Every city has its good side and its bad side. London is no exception. North of the river is where all the decent, cultured people live. It's the seat of government, where you'll find the West End and has all the best pubs. As for the south, nobody should be that close to France by choice.

The one shining light, however, is the South Bank. So horrified at its location is this area that it snuggles up as close to the river as it can so as to espy the beauty beyond and wistfully sigh; 'One day. One day'.

Let's take our lives in our hands and go to see what's it's all about.

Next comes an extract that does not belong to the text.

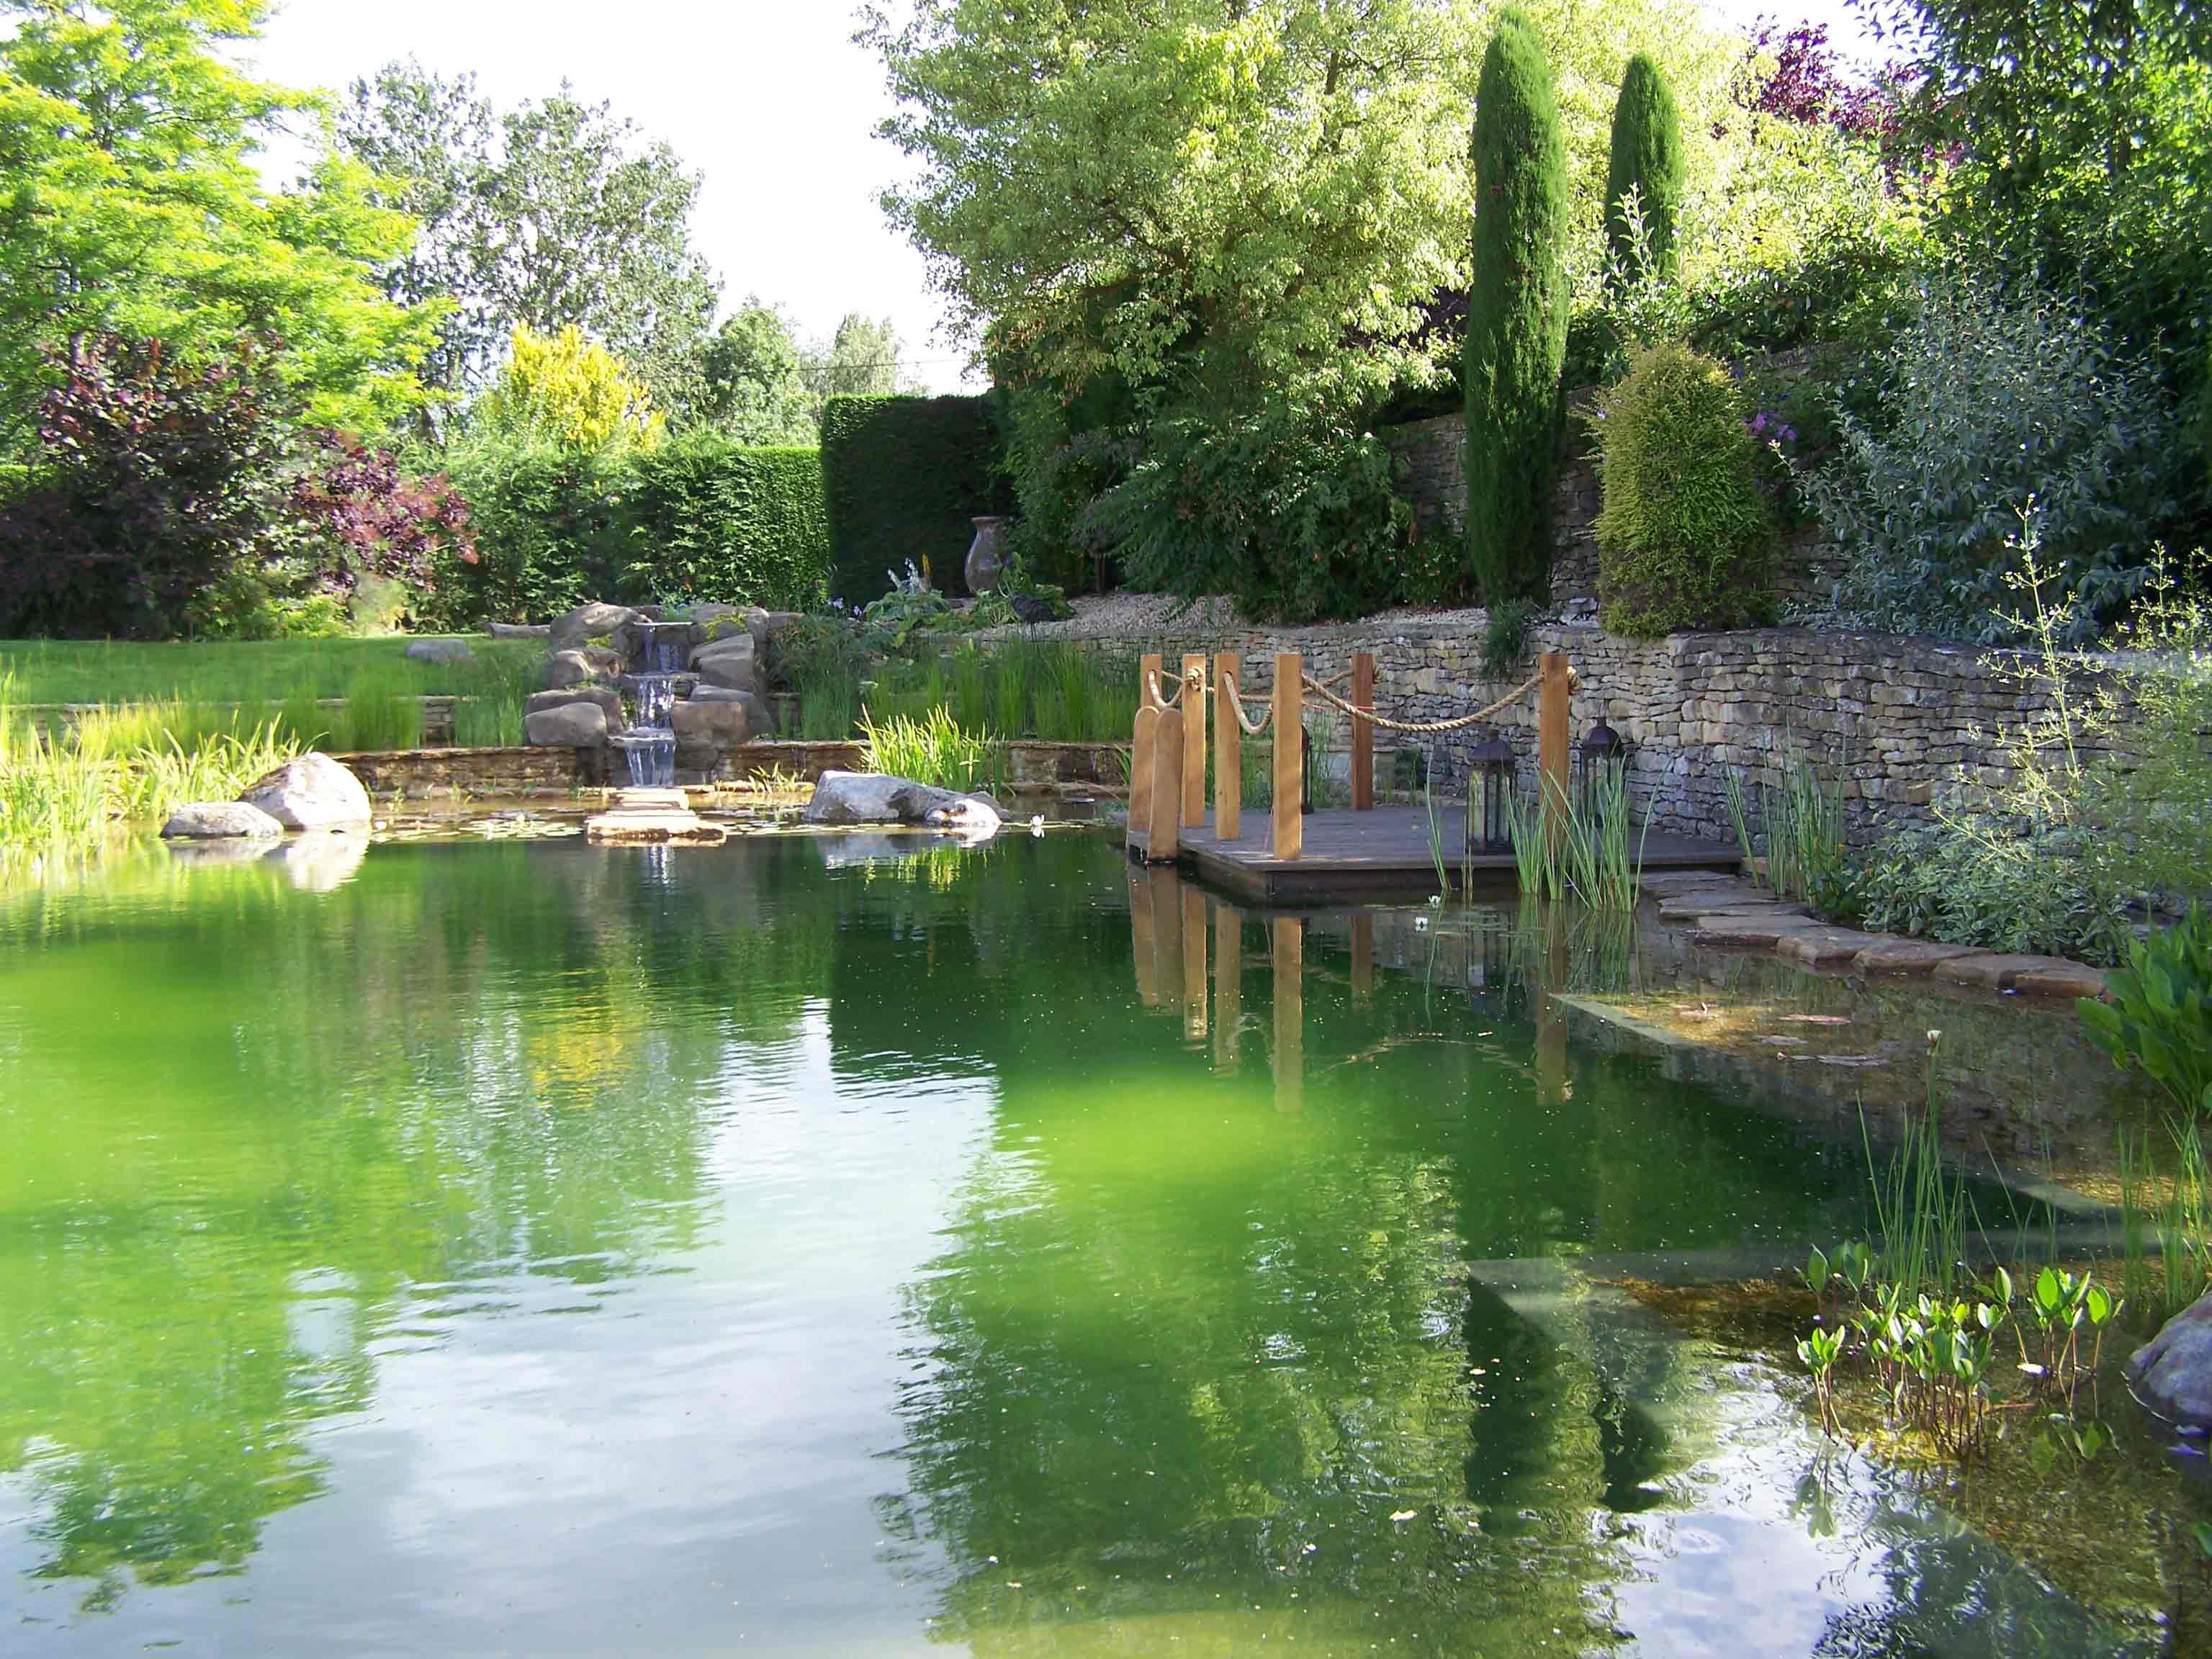 Xây dựng bể bơi tự nhiên thân thiện với môi trường

Let's no be too hasty to cross the river. Here is a sun-dial near Tower Hill tube. Sadly missing one important component today.

What is it about Russel Crowe? This bloke has something to do with the fact that the Romans did a fair bit of work on London in times gone past - and probably set it on its course to be the city it now is.

The Glass Testicle. This new building is the home of the Mayor of London - Ken Livingstone right now. The mayor's office was created by the Labour government to restore a city-wide local government after the lovely Thatcher did away with the Greater London Council - ironically also headed by Ken Livingstone who she hated with a passion. I reckon that Ken giggled his tits off at that one.

The Tower and the Glass Dildo. Sadly, there is no decent vantage point where you can get this building and the one above in the same shot. Bugger.

HMS Belfast. Once a proper warship and now a floating museum. You can tell septic tourists that it does pleasure tours if you like.

There's Tower Bridge, the one that America thought is was going to put in a desert.

London Bridge. The replacement for the one that America actually put in a desert.

Another pathetic attempt by some idiot to get Londoners 'pulling together' when they would much rather be arguing over a beer.

A very nice renovated wharf.

See.

And just to ram the point home, there is a ship-like sculpture inside. That's taken a lot of drugs.

The Monument. To what, I hear you ask. To the Great Fire of 1666, that's what. It probably wasn't that great if you got caught up in it all though.

The carving at the base of the monument. We know it's all about the fire 'cos there's some blokes hanging around in floppy hats. Looking at a chick with her norks out.